Indiana University researchers will lead a $650,000 grant from the National Science Foundation's BRAIN Initiative to advance the frontiers of neuroscience and cognitive science by creating the blueprint for digital platforms that compile information on the brain and conduct reproducible "big data" research in neuroscience.
The NSF initiative award -- one of only 19 awarded this year -- is part of the NSF's effort to support fundamental research in brain science and accelerate the development of neuro-technologies that entail joint efforts between those in fields such as engineering, math, computer science, social and behavioral sciences, and education.
Franco Pestilli, assistant professor in the IU Bloomington College of Arts and Sciences' Department of Psychological and Brain Sciences, will lead the grant, which will support a cloud-based computing platform called Brain Life that he and his team are developing.
"The system provides a pipeline for researchers to process data and get results," Pestilli said. It will also enable what he calls "the upcycling of data," by which researchers reuse data sets to develop their methods, train data scientists or test the reproducibility of results.
"There is enormous value in reclaiming the large volumes of brain data collected in hundreds of laboratories, much of which are underutilized and unpublished, in order to extend the usefulness of the information," Pestilli added. Brain Life gives researchers across the globe access to a platform on which to both analyze and share neuroscience data for purposes both research- and teaching-related.
More specifically, Brain Life will allow neuroscientists to map various features of the brain, such as cortical segmentations, functional maps, connectivity matrices and white-matter tracts. These "data derivatives" can then be re-used by computer scientists, mathematicians, engineers and others to develop and improve the methods in their own domains and applied by neuroscientists.
Pestilli also points out the platform takes great strides toward addressing questions of reproducibility in neuroscience research by allowing diverse communities of scientists to operate on a common platform using shared tools and methods.
Ken Whang, director of the NSF Computer and Information Science and Engineering Program, applauds the "insight and courage" of those tackling such problems.
"These teams are combining their expertise to try to forge new paths forward on some of the most complex and important challenges of understanding the brain," he said. "They are posing problems in new ways, taking intellectual and technical risks that have huge potential payoff."

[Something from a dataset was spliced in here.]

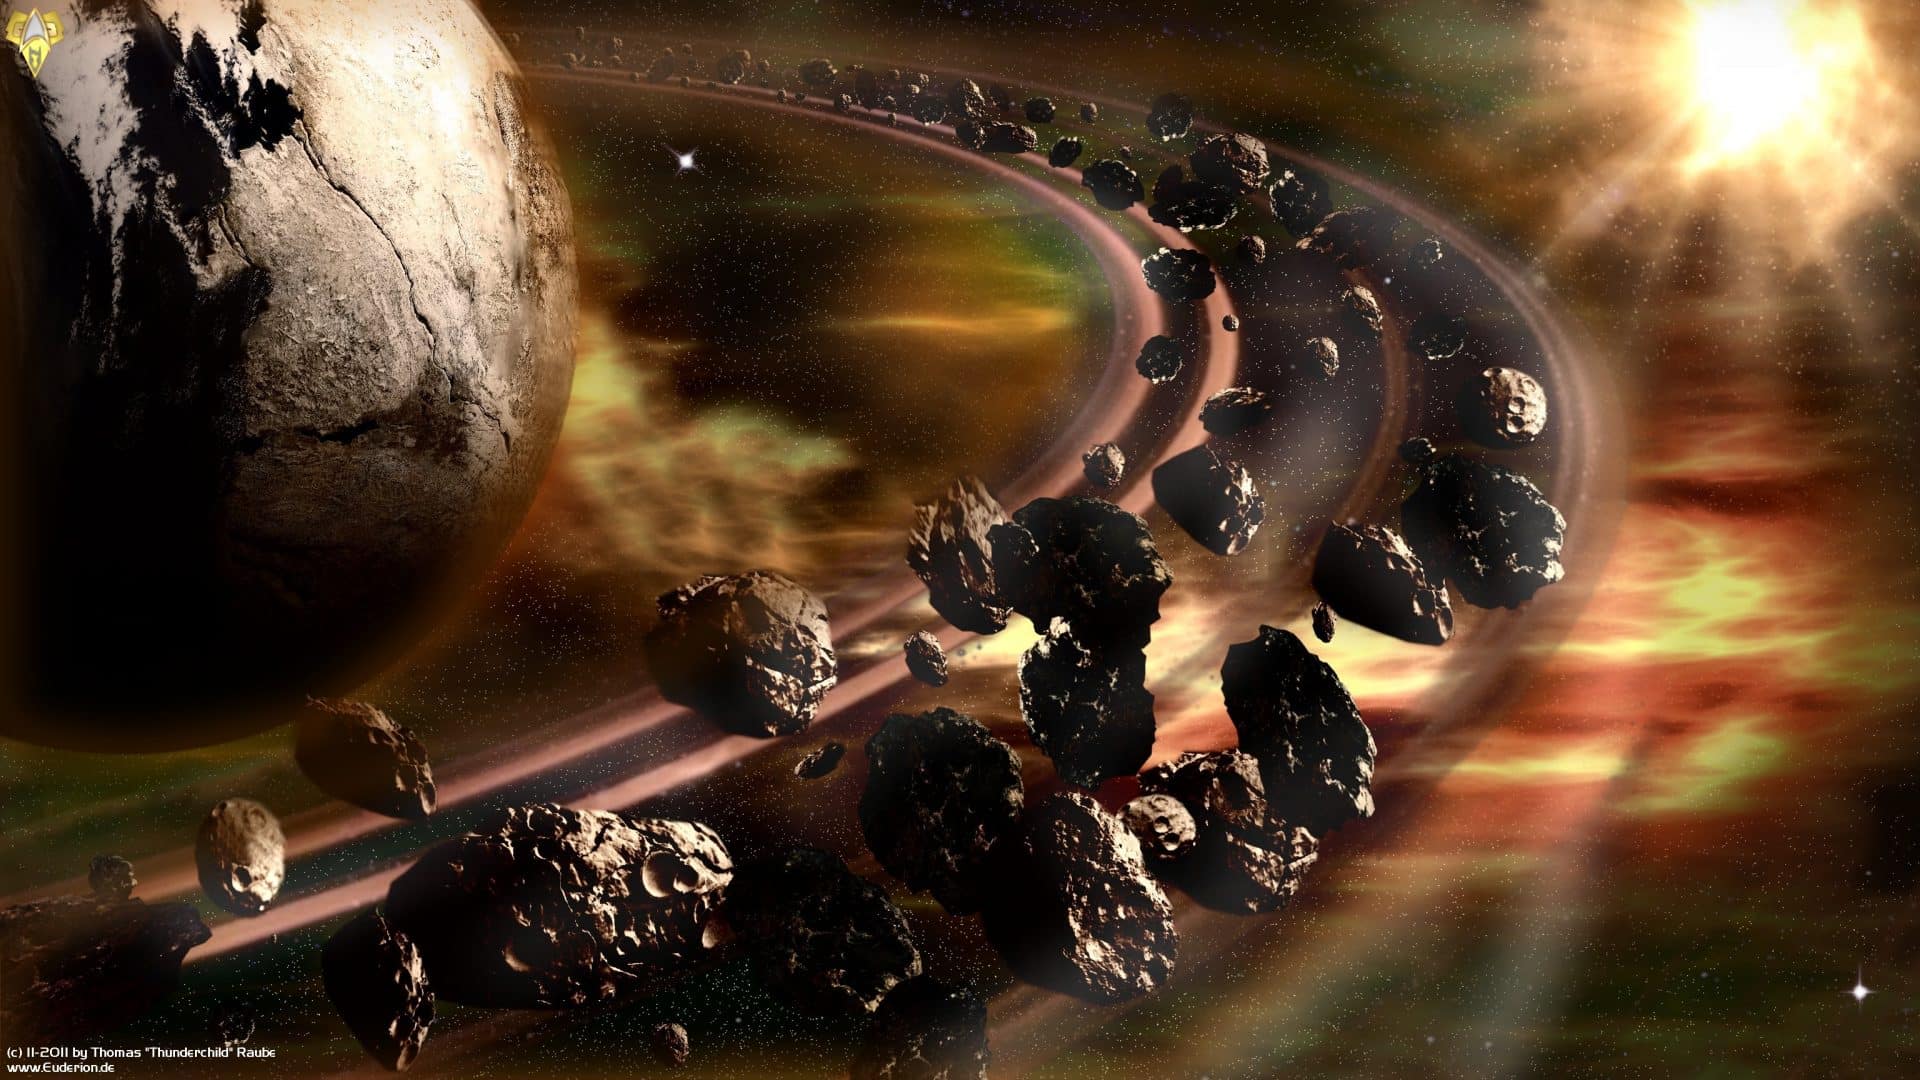 Asteroides - curiosidades, o que são e do que são formados?

Other IU researchers on the award include Eleftherios Garyfallidis, assistant professor in the School of Informatics and Computing, and Robert Henschel, director for science community tools at IU's Pervasive Technology Institute.
Additional researchers on the grant are Ivo Dinov of the University of Michigan School of Nursing and Lei Wang of Northwestern University School of Medicine, each of whom will receive $92,000 of the total grant.
Pestilli, Dinov and Wang initiated the work that led to this grant under the sponsorship of the NSF-funded Advanced Computational Neuroscience Network, which is hosting a related workshop on Big Data Neuroscience from Sept. 8 to 9 in Bloomington.
Elizabeth Rosdeitcher is a science writer in the IU Bloomington College of Arts and Sciences' Department of Psychological and Brain Sciences.